While memories can be planted, deleting an entire relationship isn’t possible yet. But the film does create a fictionalized possibility through the very real process of reconsolidation. Rather than memory being a fixed “thing” in your brain, neuroscientists believe the brain recodes a memory every time it’s retrieved. In theory, if you block the protein synthesis that occurs when synapses connect neurons—what happens in memory reconsolidation, you could technically target a memory and erase it. Though they don’t go into detail, the process the company uses in the movie vaguely appears to be doing exactly this.

The movie also does a fairly accurate representation of how memory is formed in the brain, particularly through Joel’s journey through his mind as he tries to escape the procedure. While there are a lot of technical aspects the movie could hone in on, instead it focuses on the important role emotion plays in forming, storing, and retrieving memory. Overall, while the techniques might be plausible, they still aren’t possible—yet.


When a heist goes wrong, a valuable painting goes missing. The only problem is the person who took it can’t remember where it is.
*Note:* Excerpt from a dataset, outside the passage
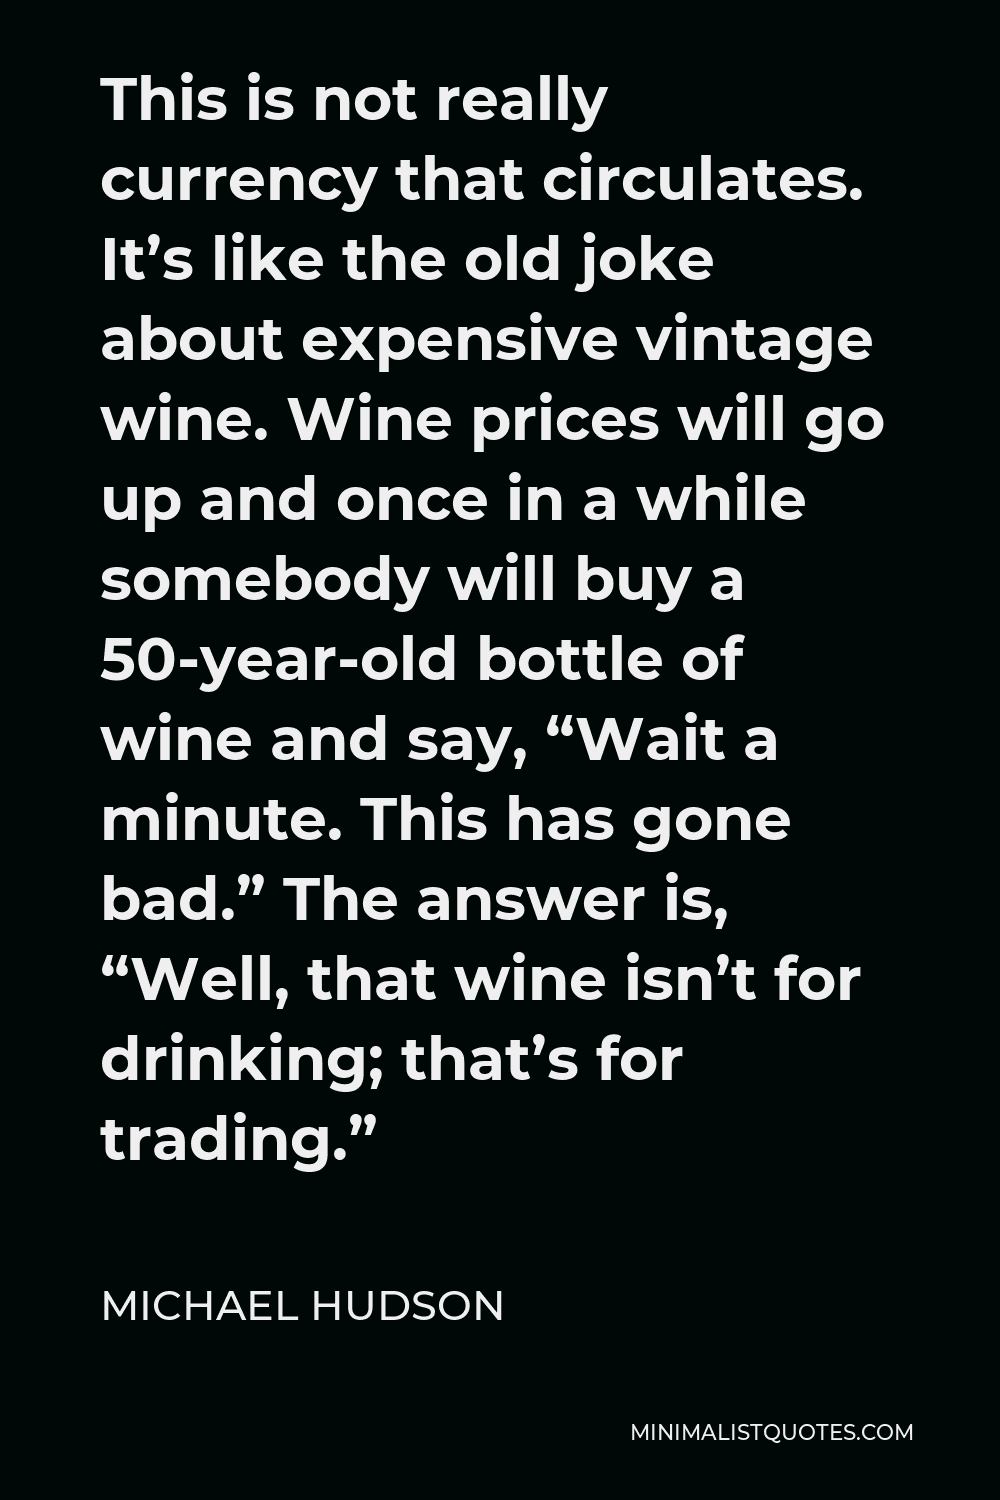 Michael Hudson Quote - This is not really currency that circulates. It’s like the old joke about expensive vintage wine. Wine prices will go up and once in a while somebody will buy a 50-year-old bottle of wine and say, “Wait a minute. This has gone bad.” The answer is, “Well, that wine isn’t for drinking; that’s for trading.”
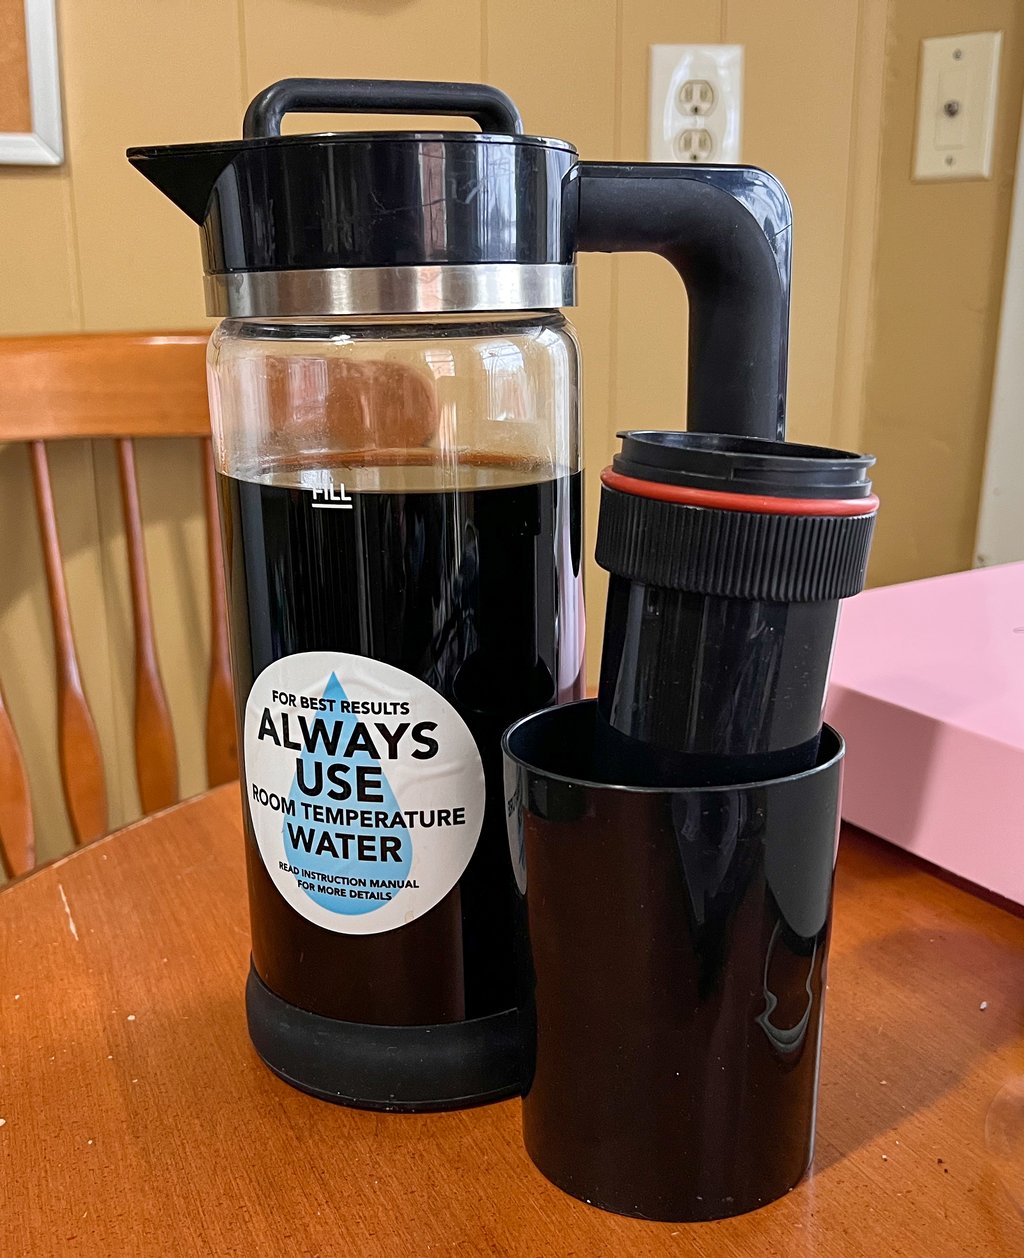 Takeya cold brew coffee maker: Our No.1 pick is less than $20 at

Simon Newton (James McAvoy) was more than the auctioneer. He was the inside man. But when he attacks the leader in the middle of the theft, he gets hit on the head. When he wakes up, he has no memory of what happened in the moments before and after the attack. Through the help of a hypnotherapist (Rosario Dawson), he works to uncover his lost memories. But the truth is far more complicated than he ever imagined.

This tightly woven thriller has plenty of twists and turns, all tied to how head injuries can lead to memory loss. In cases of traumatic brain injuries, less than 3% of people had no memory loss. On the other side, 45% experienced memory loss for a month or longer. Clinicians were wary of hypnosis as an effective tool for memory recovery, however, more studies are emerging that show certain hypnotic techniques can be effective in helping patients with traumatic brain injuries recover lost memories while also aiding in alleviating anxiety and post-traumatic symptoms.